▶ [Recorded data]:
------------------------------------------------------------------------

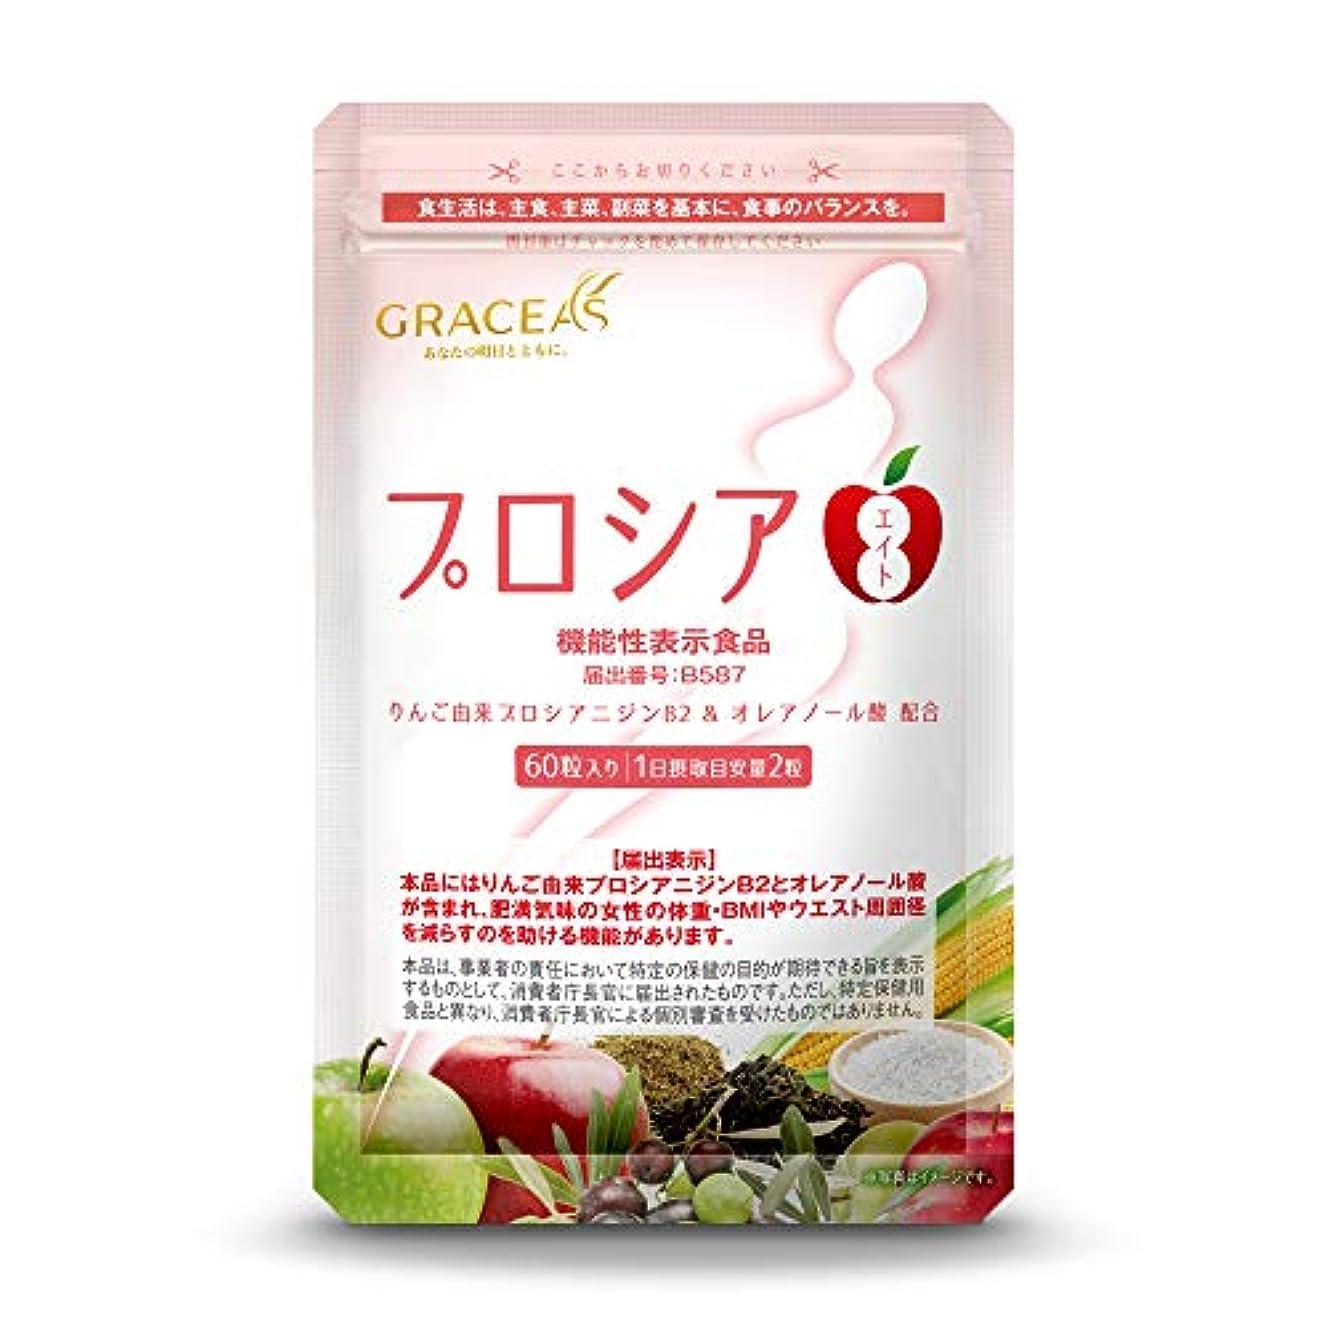 幸福やるラブプロシア8(プロシアエイト) ダイエットサプリ りんご由来 オリーブ葉抽出 機能性表示食品 特許成分配合 60粒
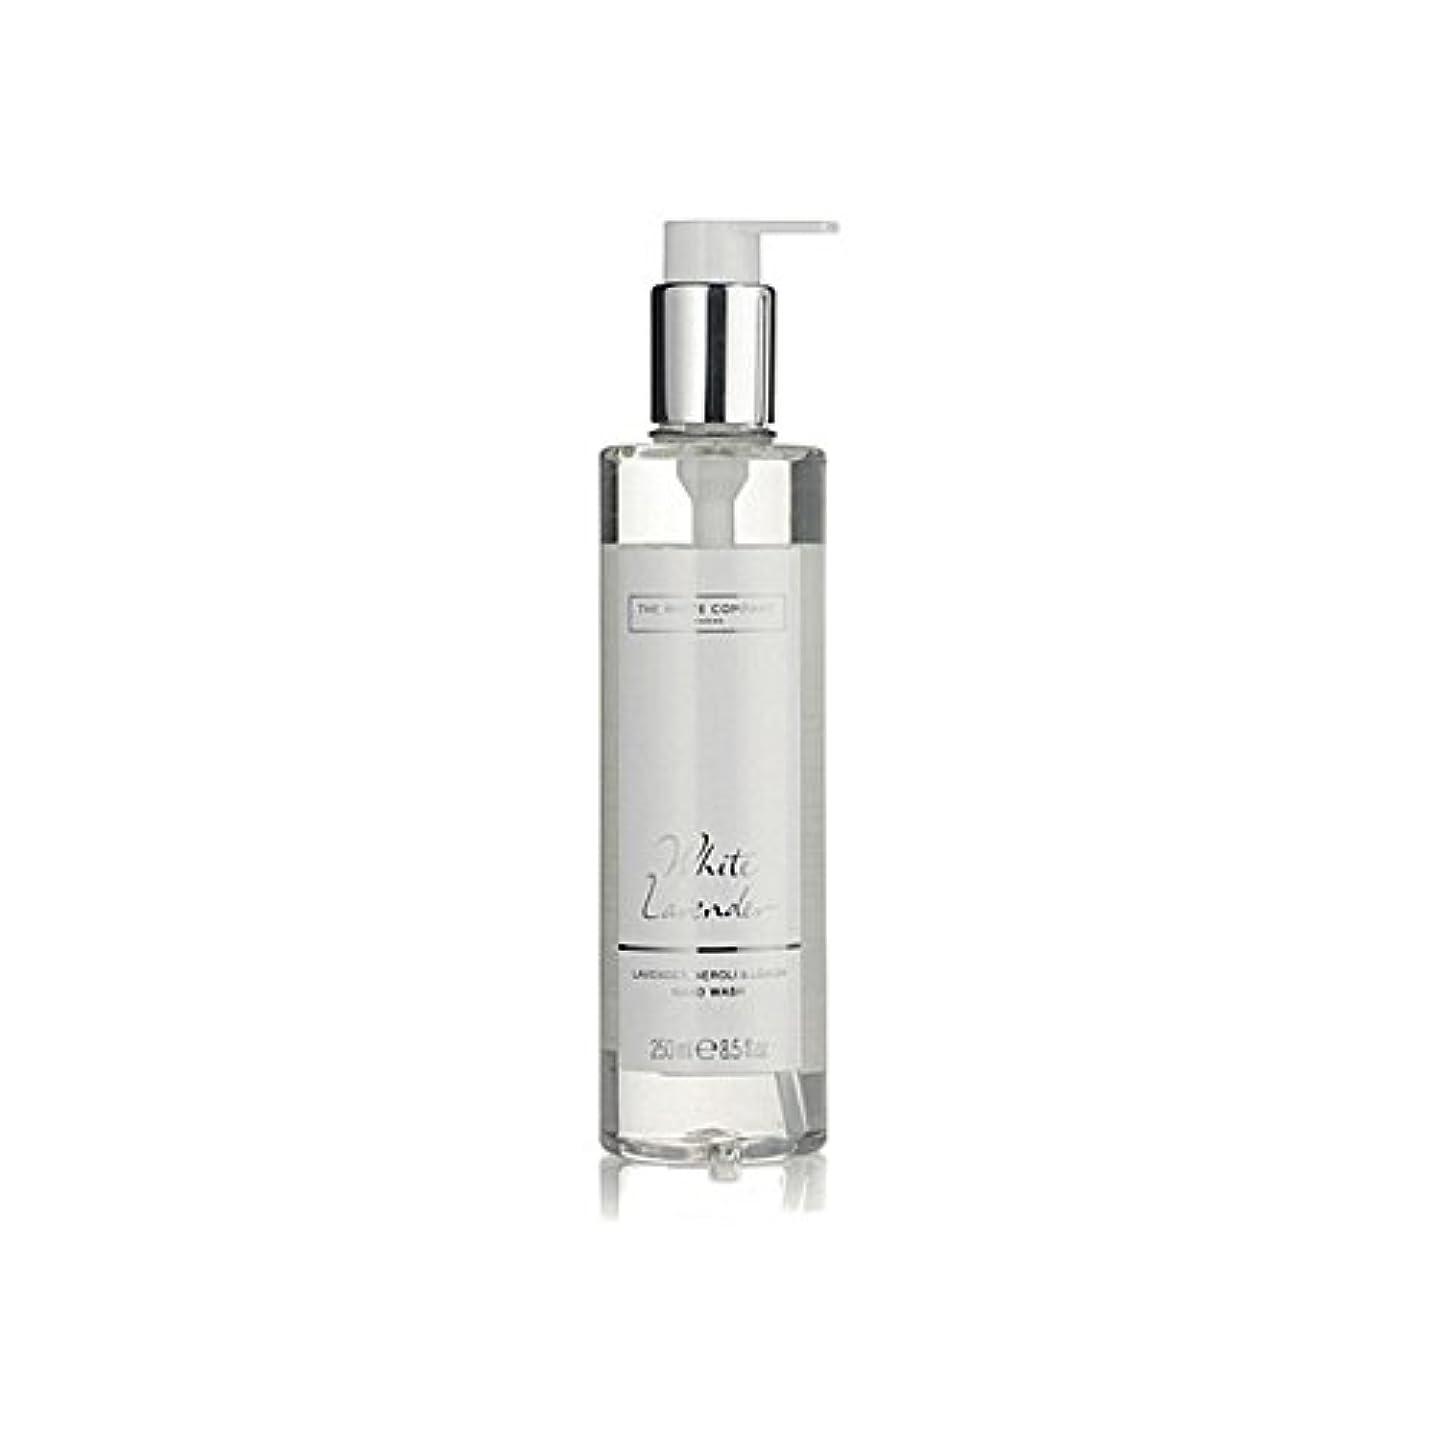 ファイバ増幅退化する白同社白ラベンダーハンドウォッシュ x4 - The White Company White Lavender Hand Wash (Pack of 4) [並行輸入品]
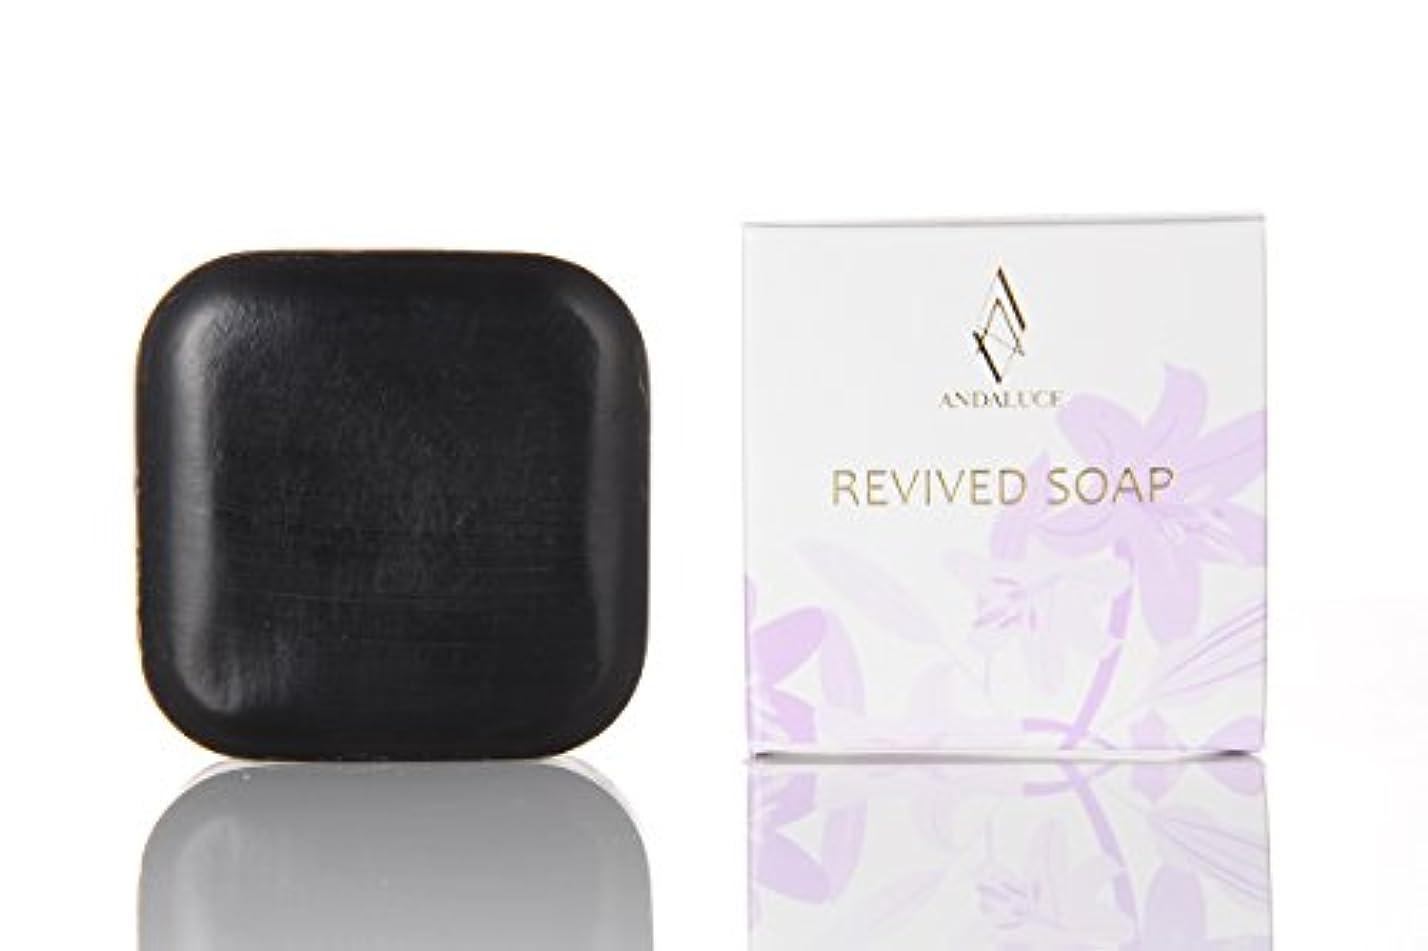 スポンジみなすアウトドアリバイブドソープ~REVIVED SOAP~(至高のAHAフルーツ酸SOAP)100g

------------------------------------------------------------------------

▶ [Task directions]: Start with the line that holds "ファイバ増幅退化する白同社白ラベンダーハンドウォッシュ x4 - The" and retype each line through the last one in the data, exactly and without pictures.

▶ [Completed task]:
 ファイバ増幅退化する白同社白ラベンダーハンドウォッシュ x4 - The White Company White Lavender Hand Wash (Pack of 4) [並行輸入品]
 スポンジみなすアウトドアリバイブドソープ~REVIVED SOAP~(至高のAHAフルーツ酸SOAP)100g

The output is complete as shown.